🤖 AI Summary
This work addresses the challenge of strong geometry-albedo coupling and complex skin optical properties—particularly subsurface scattering—in sparse-view (only three images) 3D face reconstruction, which hinders effective disentanglement. To this end, we propose a two-stage differentiable decomposition framework. Methodologically: (i) we construct a generic face template and guide its personalized fine-tuning; (ii) we explicitly model joint geometry-albedo constraints and incorporate physics-based skin subsurface scattering; and (iii) we employ end-to-end, physically inspired neural rendering optimization.

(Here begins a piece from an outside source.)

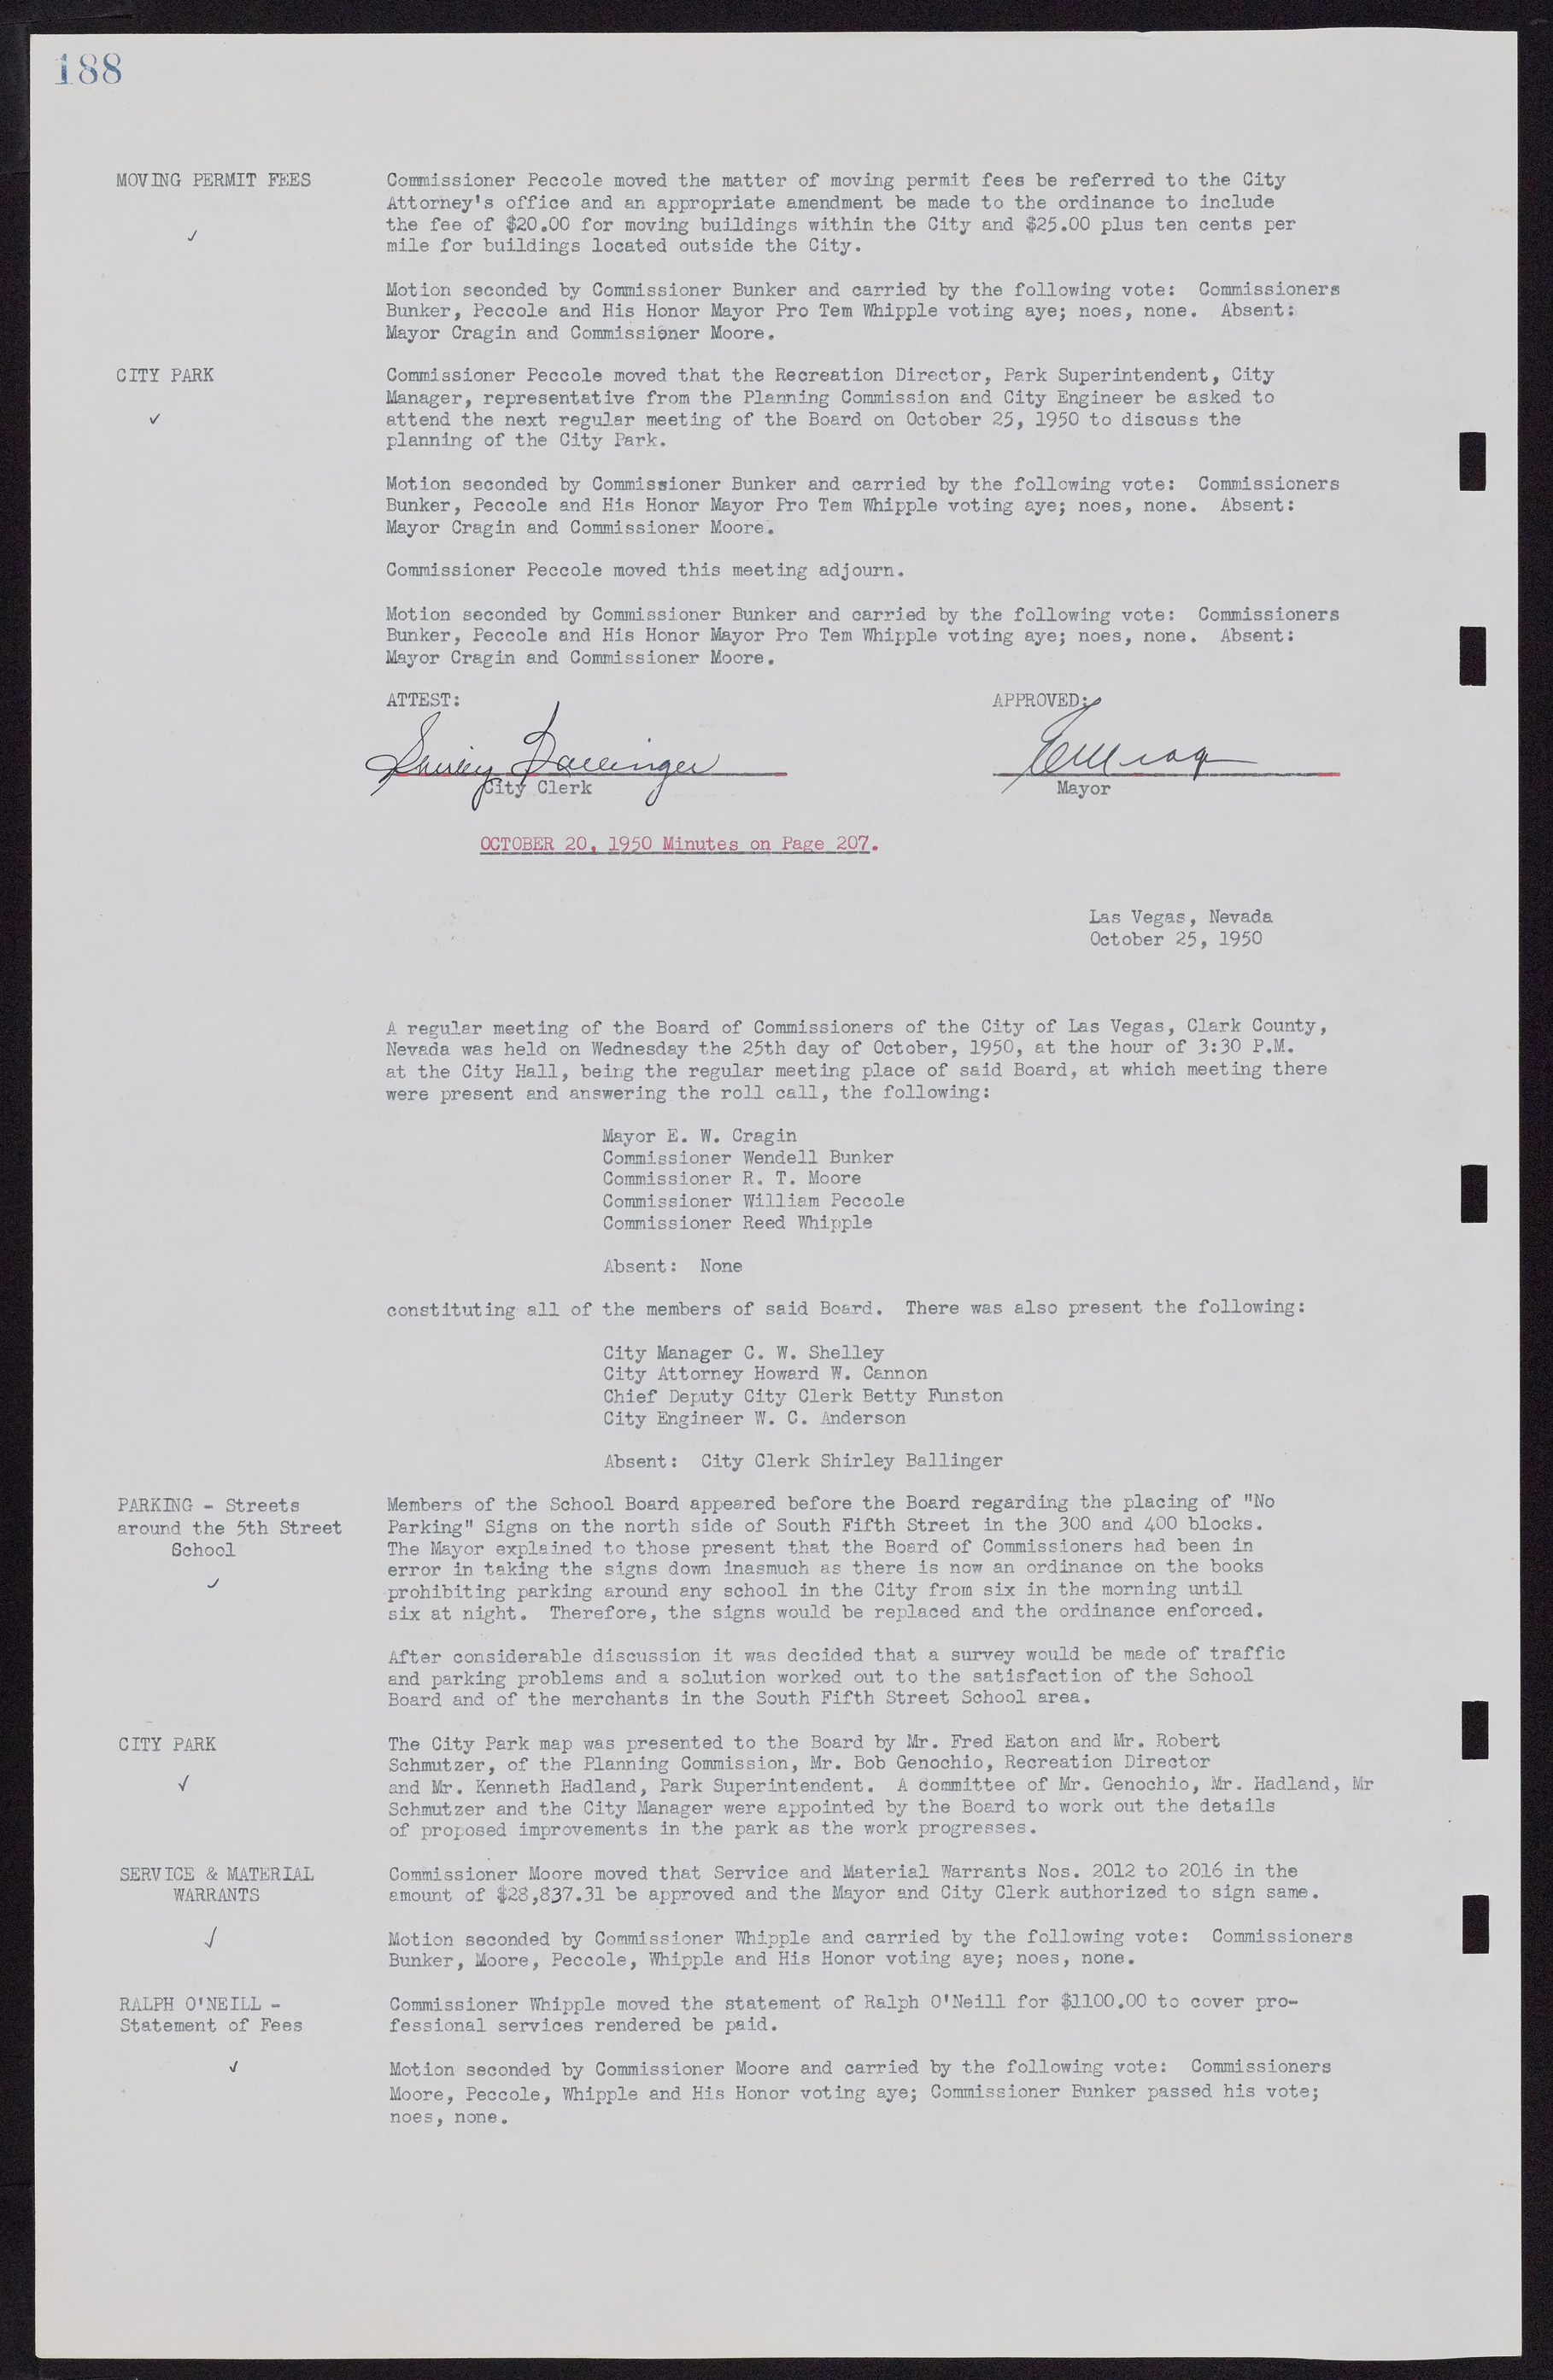 Las Vegas City Commission Minutes, November 7, 1949 to May 21, 1952, lvc000007-198

Compared to state-of-the-art approaches, our method achieves superior performance in geometric accuracy, separation fidelity between diffuse and specular reflectance components, and novel-view synthesis quality. To the best of our knowledge, it is the first method to achieve high-fidelity, fully disentangled 3D face reconstruction from sparse input views.
📝 Abstract
In this study, we introduce a novel two-stage technique for decomposing and reconstructing facial features from sparse-view images, a task made challenging by the unique geometry and complex skin reflectance of each individual. To synthesize 3D facial models more realistically, we endeavor to decouple key facial attributes from the RGB color, including geometry, diffuse reflectance, and specular reflectance. Specifically, we design a Sparse-view Face Decomposition Model (SFDM): 1) In the first stage, we create a general facial template from a wide array of individual faces, encapsulating essential geometric and reflectance characteristics. 2) Guided by this template, we refine a specific facial model for each individual in the second stage, considering the interaction between geometry and reflectance, as well as the effects of subsurface scattering on the skin. With these advances, our method can reconstruct high-quality facial representations from as few as three images. The comprehensive evaluation and comparison reveal that our approach outperforms existing methods by effectively disentangling geometric and reflectance components, significantly enhancing the quality of synthesized novel views, and paving the way for applications in facial relighting and reflectance editing.